[Date Prev][Date Next]
[Chronological]
[Thread]
[Top]
Re: (ITS#8875) [Patch] Performance problems in back-mdb with large DITs and many aliases
- To: openldap-its@OpenLDAP.org
- Subject: Re: (ITS#8875) [Patch] Performance problems in back-mdb with large DITs and many aliases
- From: hyc@symas.com
- Date: Mon, 15 Jul 2019 18:44:15 +0000
- Auto-submitted: auto-generated (OpenLDAP-ITS)
This is a multi-part message in MIME format.
--------------0F1DE22CD9273A65E1AE5118
Content-Type: text/plain; charset=UTF-8
Content-Transfer-Encoding: 7bit
Howard Chu wrote:
> Henrik Bohnenkamp wrote:
>> On Mon, Jul 15, 2019 at 02:26:59PM +0100, Howard Chu wrote:
>>>
>>> Fyi, on our problematic test database with 11M entries and 3.7M aliases, a search with -a always , starting from the
>>> DB suffix, took 4 minutes without this patch, and 1235 minutes with this patch.
>>>
>>> Needless to say, that's not looking good. Still checking other test cases.
>>
>> Interesting, so the behavior is reversed now :-). I assume you have
>> found an alternative approach to solve the problem. That's fine with
>> me, I want the problem solved, not my patch integrated. I'm of course
>> interested in how you do it. Surely you did not get the 4 minutes with
>> a stock 2.4.48 slapd?
>
> For this size of DB we needed the ITS#8977 patches to accommodate larger IDLs.

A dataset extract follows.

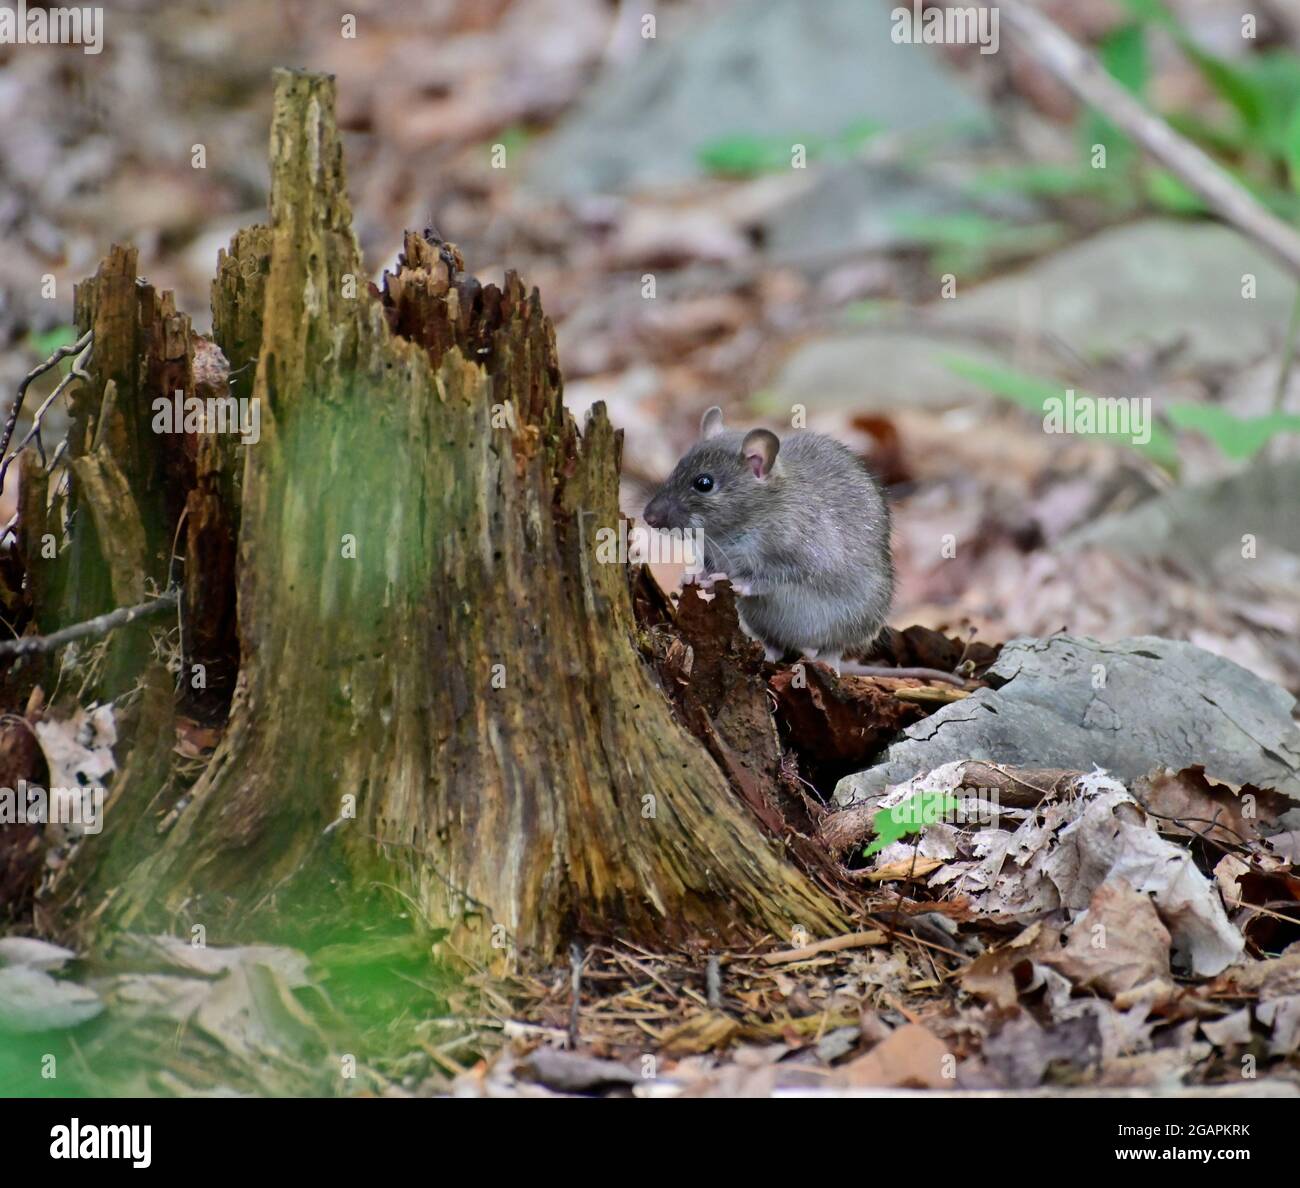 Wild wood mouse peeking out from behind a stump on the forest floor Stock Photo

> (I used 24 bits for IDLs, 16.7M slots)
> Also at this size, the IDL processing itself is the main bottleneck now. We would
> need to switch to bitmaps or trees to avoid this bottleneck, but that's also a
> much larger change than we can consider for this release.
>
I've set up a more modest test database along the lines of ITS#7657. It has 500,000 users,
30,000 aliases total, and 435 in ou=alias2 (all the rest under ou=alias1).
For unpatched back-mdb:
time ../clients/tools/ldapsearch -x -H ldap://:9012 -D cn=manager,dc=example,dc=com -w secret -b ou=alias1,dc=example,dc=com -a always
# search result
search: 2
result: 0 Success
# numResponses: 29567
# numEntries: 29566
real 0m42.504s
user 0m1.344s
sys 0m2.996s
time ../clients/tools/ldapsearch -x -H ldap://:9012 -D cn=manager,dc=example,dc=com -w secret -b ou=alias2,dc=example,dc=com -a always
# search result
search: 2
result: 0 Success
# numResponses: 437
# numEntries: 436
real 0m48.406s
user 0m0.040s
sys 0m0.076s
For back-mdb with e90e8c7d3c12d897bb0584ba04dc519d4f23acf9
time ../clients/tools/ldapsearch -x -H ldap://:9012 -D cn=manager,dc=example,dc=com -w secret -b ou=alias1,dc=example,dc=com -a always
# search result
search: 2
result: 0 Success
# numResponses: 29567
# numEntries: 29566
real 0m5.500s
user 0m1.516s
sys 0m2.944s
time ../clients/tools/ldapsearch -x -H ldap://:9012 -D cn=manager,dc=example,dc=com -w secret -b ou=alias2,dc=example,dc=com -a always
# search result
search: 2
result: 0 Success
# numResponses: 437
# numEntries: 436
real 0m0.399s
user 0m0.048s
sys 0m0.060s
For back-mdb with this ITS#8875 patch
time ../clients/tools/ldapsearch -x -H ldap://:9012 -D cn=manager,dc=example,dc=com -w secret -b ou=alias1,dc=example,dc=com -a always
# search result
search: 2
result: 0 Success
# numResponses: 29567
# numEntries: 29566
real 0m6.020s
user 0m1.640s
sys 0m3.372s
time ../clients/tools/ldapsearch -x -H ldap://:9012 -D cn=manager,dc=example,dc=com -w secret -b ou=alias2,dc=example,dc=com -a always
# search result
search: 2
result: 0 Success
# numResponses: 437
# numEntries: 436
real 0m0.203s
user 0m0.052s
sys 0m0.048s
It seems close enough in this case (I didn't do enough repeated runs to average out any measurement error) while
the committed patch performs better on the really ugly test case.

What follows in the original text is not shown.